A first step of the analysis is usually to create a meaningful visualization of the data. During the exploratory analysis step, the domain expert was looking at individual datasets alone. In this step, the data scientist should design a visualization that encompasses all of the data. For example, this can be achieved by clustering algorithms such as principal component analysis for datasets that consist of sets of measurement curves.

Find Numerical Solution

Once the data scientist has gained an overview of the data, he or she searches for a suitable solution to the objective set by the business question. The solution can be in the form of an algorithm or a machine-learning model. It also does not matter whether the machine-learning model is a greedy model such as kNN, a shallow learning model such as a support vector machine, a random forest or gradient boosting, or a deep learning model. The data scientist has all information at hand to find the best solution to the business question. Best in this sense is the simplest solution that can solve the business question. If performance metrics are involved, usually speed of evaluation, model accuracy and reliability and required computational resources need to be balanced for an optimal solution.

Baseline Solution

The data scientist should always evaluate her or his solution against a simple baseline solution. This is required to prove that a more complex solution is necessary at all. By comparing the final solution to the baseline solution, the gain in efficiency can easily be shown.
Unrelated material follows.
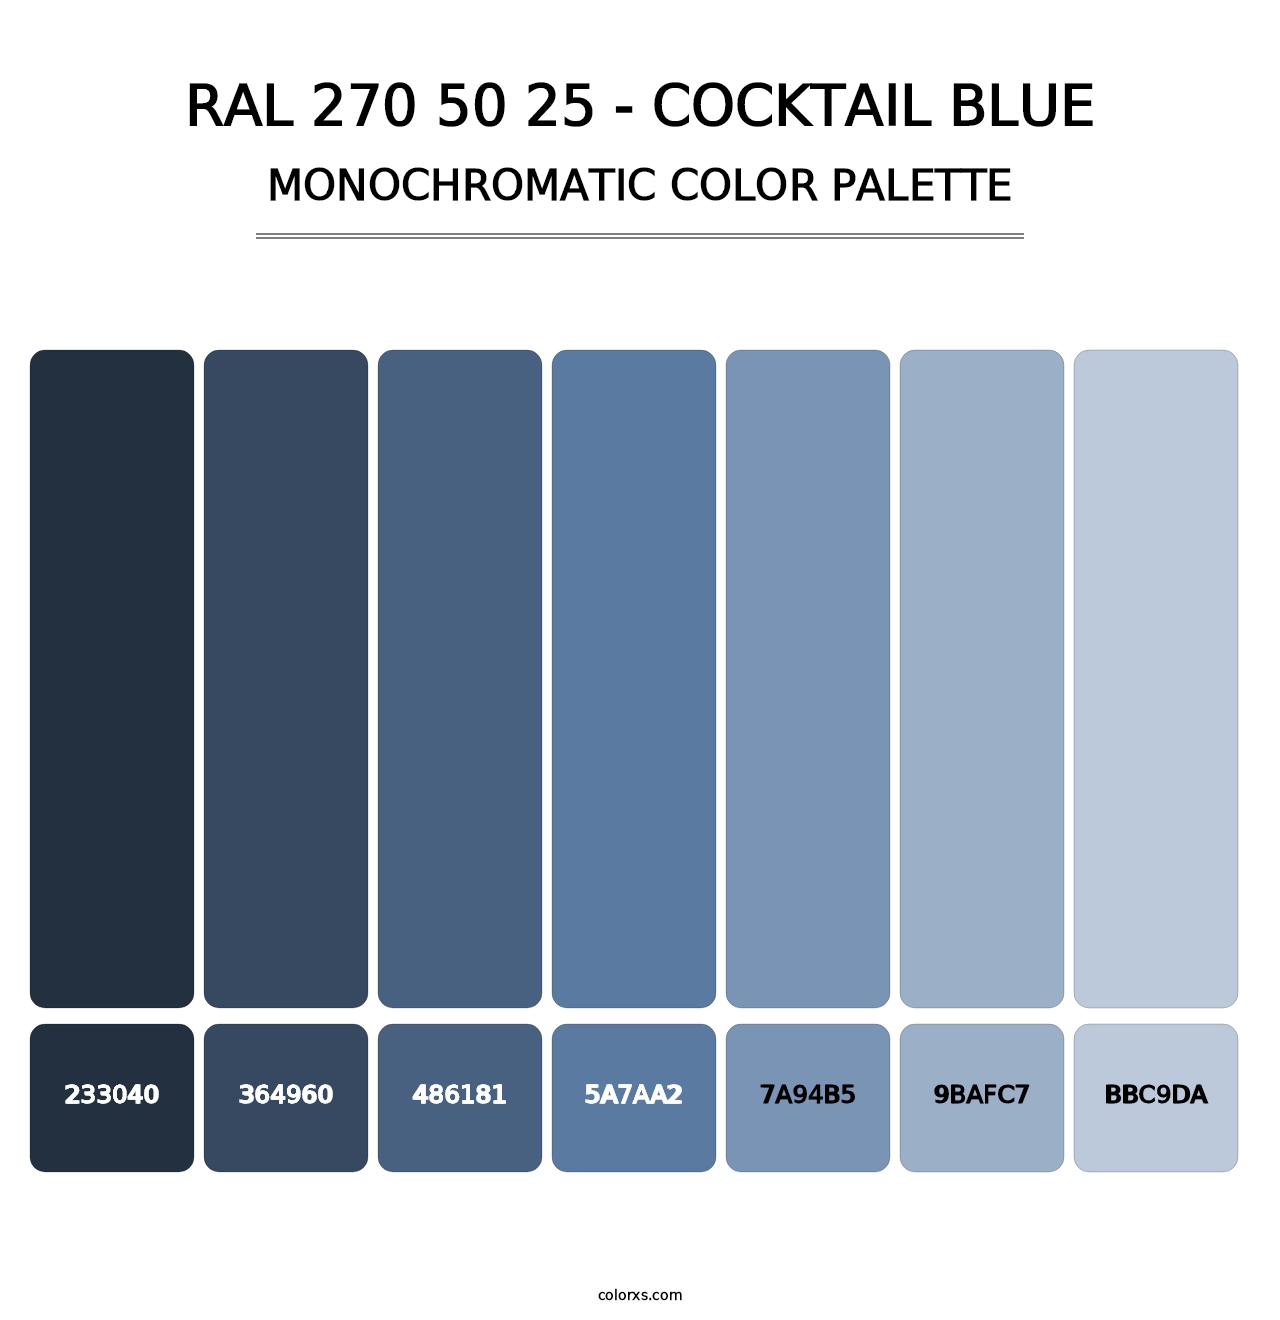 RAL 270 50 25 - Cocktail Blue - Monochromatic Color Palette

Document Results and Failures

When data scientists try to find a solution, they will naturally encounter dead ends. Some methods might not work at all or might not work as expected. Machine learning methods are likely to find several solutions of varying quality. We document all these results and failures. All results are documented so that the best result can be selected. As stated in chapter- Find numerical solution, the best result is not necessarily the one with the highest accuracy, as other considerations such as computational efficiency or reliability can be of higher priority. All failures and dead ends should also be documented. There are several reasons for this. First, the failure might be due to some mistake on the part of the data scientist and a future evaluation could correct this mistake. Second, by documenting that a method did not work this method does not need to be tested in similar future analysis tasks. This prevents someone from making the same mistakes again. Third, if conditions change, this method could suddenly work. If it has been documented under which assumptions the method failed, it can be assessed if it is worth trying the method again.

Archive Data Analysis and Tools

The result of the advanced analytics step will be a solution to the business question. Either this solution will be incorporated in a product or a business decision will be based on that solution. To maintain a product or justify a business decision it must be possible to reproduce the exact solution at a later date. This is only possible if the data are preserved, the analytical work of the data scientist is preserved and the tools that the data scientist used are preserved. Data preservation is a prerequisite in the step Storage/Access. The analytical work of the data scientist must be stored in an archive system such as Subversion or Git. The tools must be stored in exactly the same version that the data scientist used. For programming languages, the libraries used must also be taken into account.

Analytics Expert Review

The data analysis should be reviewed by another analytics expert. This can be done either in a tool-assisted fashion using a code review tool such as Upsource or Phabricator on each increment of work or by a walkthrough of the analysis after a part of the analysis has been completed.

Example Project

Principal component analysis of the current curves. Shown are the first two principal components with the temperature show by color.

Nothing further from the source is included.